War on drugs leads to explosion of female incarcerations

By Silja J.A. Talvi

Sure, cocaine can kill you, but the U.S. government classifies it as less harmful than marijuana.

Oklahoman Tina Thomas has been caught up in the American war on drugs.

In many respects, she fits the common profile of a woman doing time for a drug-related offense. Her crimes have ranged from possession to check forgery and theft, including an arrest for trying to steal a $64 comforter from Wal-Mart. Eventually sentenced to a two-year state prison term, Thomas admits that she committed her crimes to feed the “800-pound gorilla on my back that I just hadn’t been able to shake.”

Thomas is part of an alarming statistical trend and a modern-day American phenomenon. For starters, she is one of half a million people (roughly one-fourth of the total prison population) locked up on drug-related charges. Thomas is also an inmate in a state that locks up women at one of the highest per capita rates—129 per 100,000 residents, a figure that is right behind Texas, the federal system and California. Oklahoma’s imprisonment of women rose a stunning 1,237 percent from 1997 to 2004.

Drug addiction is what led Thomas down the river to prison, she admits freely. What’s a bit more unusual about her is that she holds a medical doctorate from the University of Illinois, and was a practicing neurologist and professor at a teaching hospital. She stood out in her field to such a degree that her colleagues felt uncomfortable around here, particularly after she disclosed she was a lesbian. What Thomas didn’t disclose, however, was an early childhood marred by incest, the lingering pain from which she used cocaine as an escape. Unfortunately, her cocaine use took a painful turn into a full-blown crack addiction.

Thomas and other women have had the misfortune of being sucked into what the federal government calls the “war on drugs.” We have our own “drug czar,” who sits atop the massive Office of National Drug Control Policy (ONDCP). President Nixon started this war in 1969, and President Reagan kicked it into high gear. It’s been a full-throttle battle since, even through the Clinton years.

By 1980, the number of drug-related arrests stood at 581,000. Just 10 years later, that number had nearly doubled to 1,090,000.
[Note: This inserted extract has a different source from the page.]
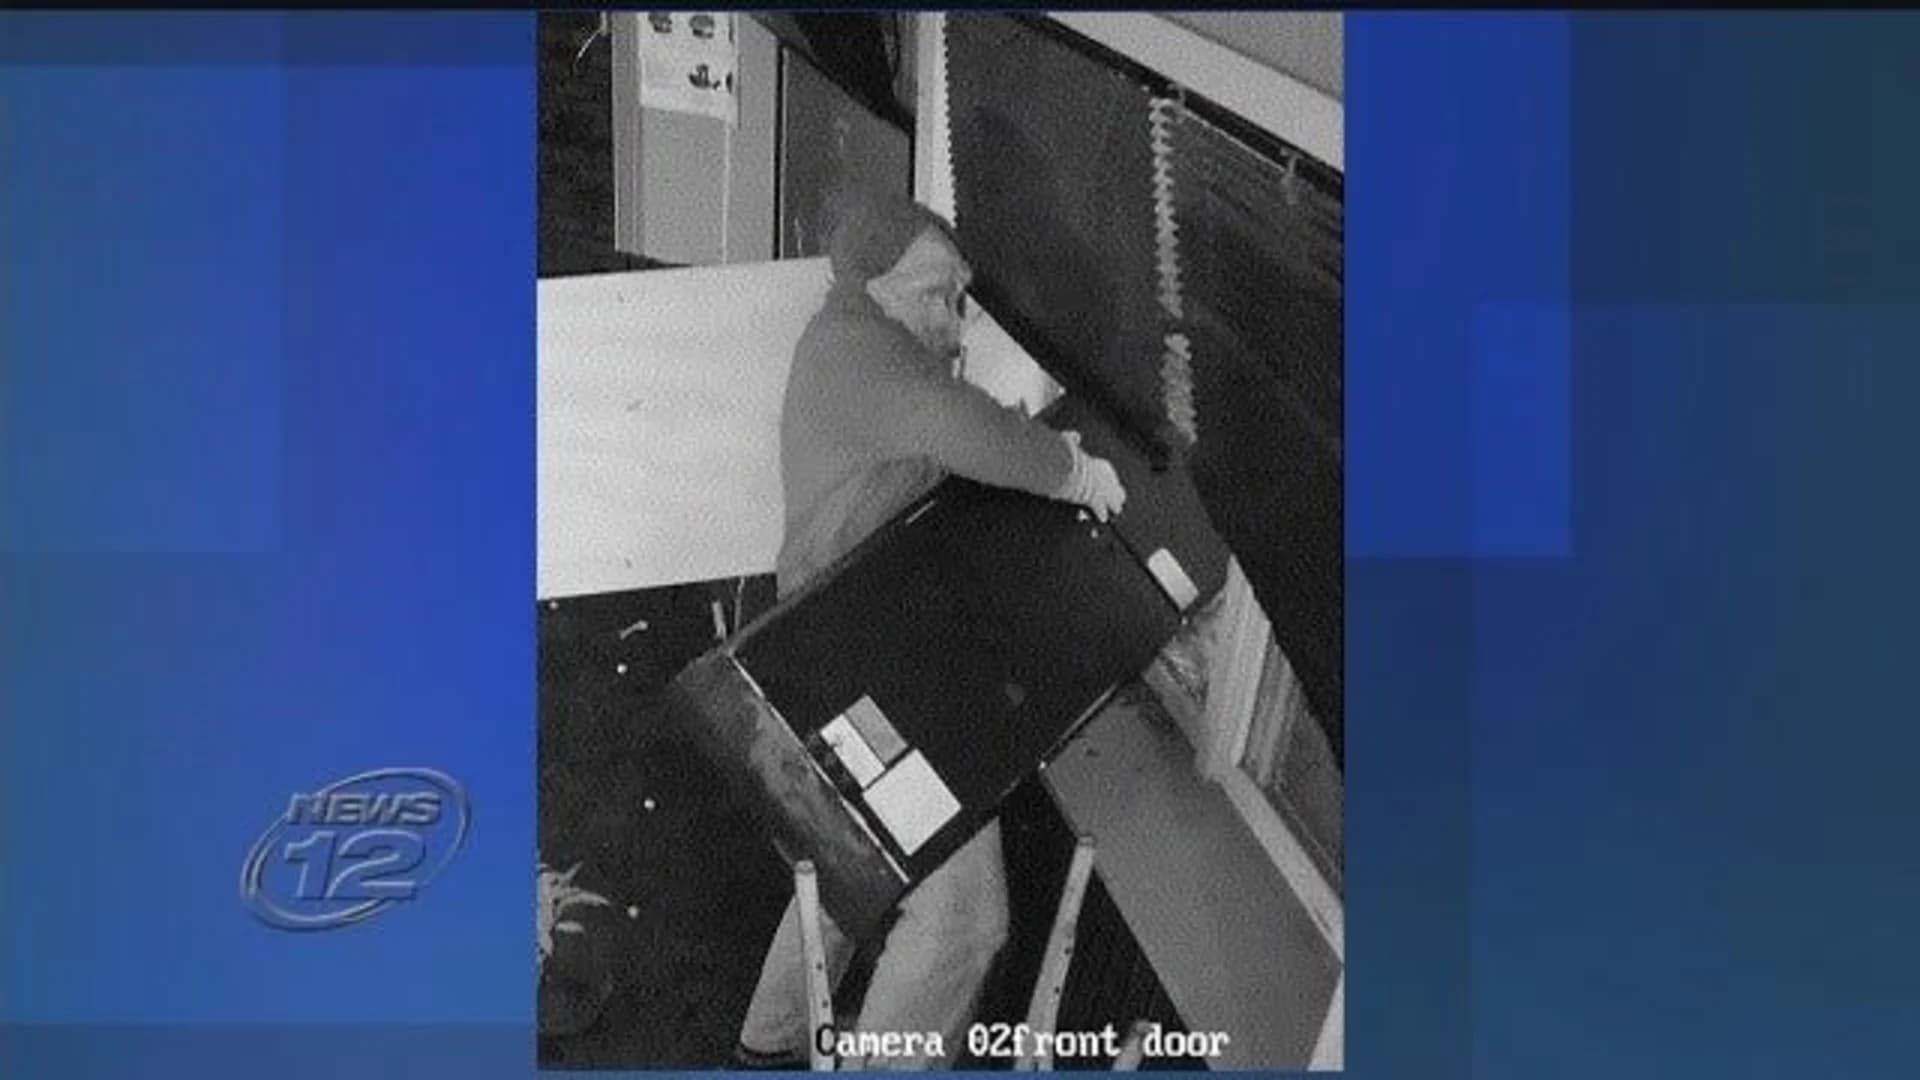 Police: Man stole restaurant’s wall-mounted jukebox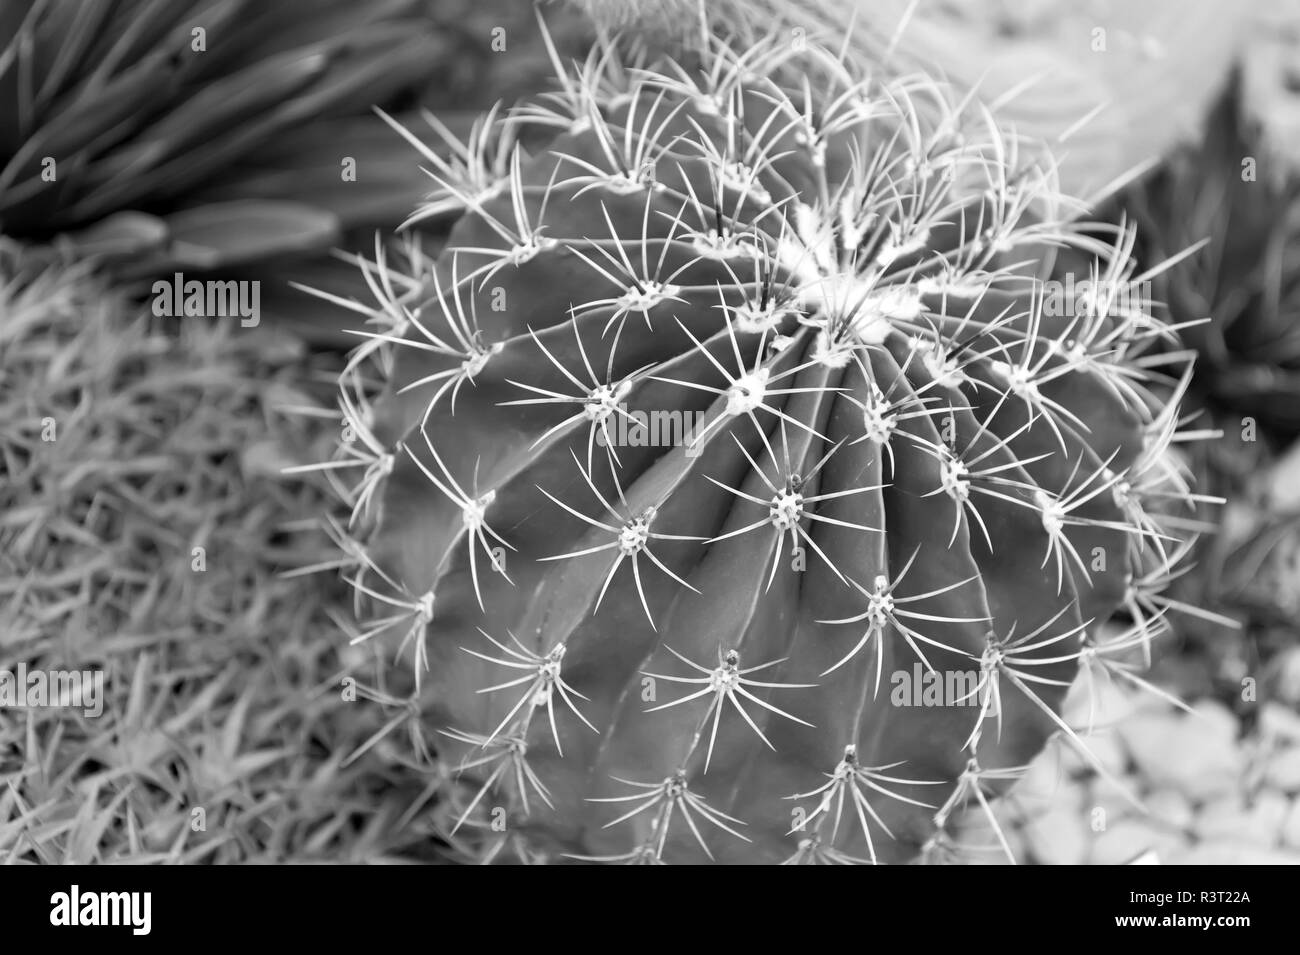 cactus flower of big round green plant with spiky thorns as natural background Stock Photo

In 2005, the FBI reported that law enforcement officers made more arrests for drug-abuse violations (1.8 million) than for any other offense.

One of the most surprising facts about these figures, as far as police are concerned, is the drug of choice: marijuana. Cannabis is classified as a Schedule I drug, which means that it is one of the most dangerous drugs imaginable.

Cocaine, on the other hand, a leading cause of overdose deaths, is classified as a Schedule II. So is PCP. Go figure.

In 2005, nearly 43 percent of all drug arrests were for cannabis possession (37.7 percent) or “sales and manufacture” (4.3 percent). That’s millions of arrests and billions of dollars—and amounts to a lot of misery and money down the drain.

In 2008, the ONDCP drug-war budget will reach a record $12.9 billion, with $8 billion of this funding being funneled into law enforcement. Bear in mind that these are only the official numbers. Many criminal justice experts point out that the figure doesn’t incorporate the costs of incarcerating people sentenced for drug offenses. The real expenditure, including the costs of imprisonment, comes close to $22 billion, according to an analysis by the drug policy newsletter, Drug War Chronicle.

We’re not getting much of a bang for these big bucks. Unintentional drug overdoses have become the second-most common form of accidental death after car crashes. While the government increases funding for antidrug missions in Colombia and Afghanistan by tens of millions every year, federal allocations to the Center for Substance Abuse Prevention and the Center for Substance Abuse Treatment are being cut by $32 million in 2008.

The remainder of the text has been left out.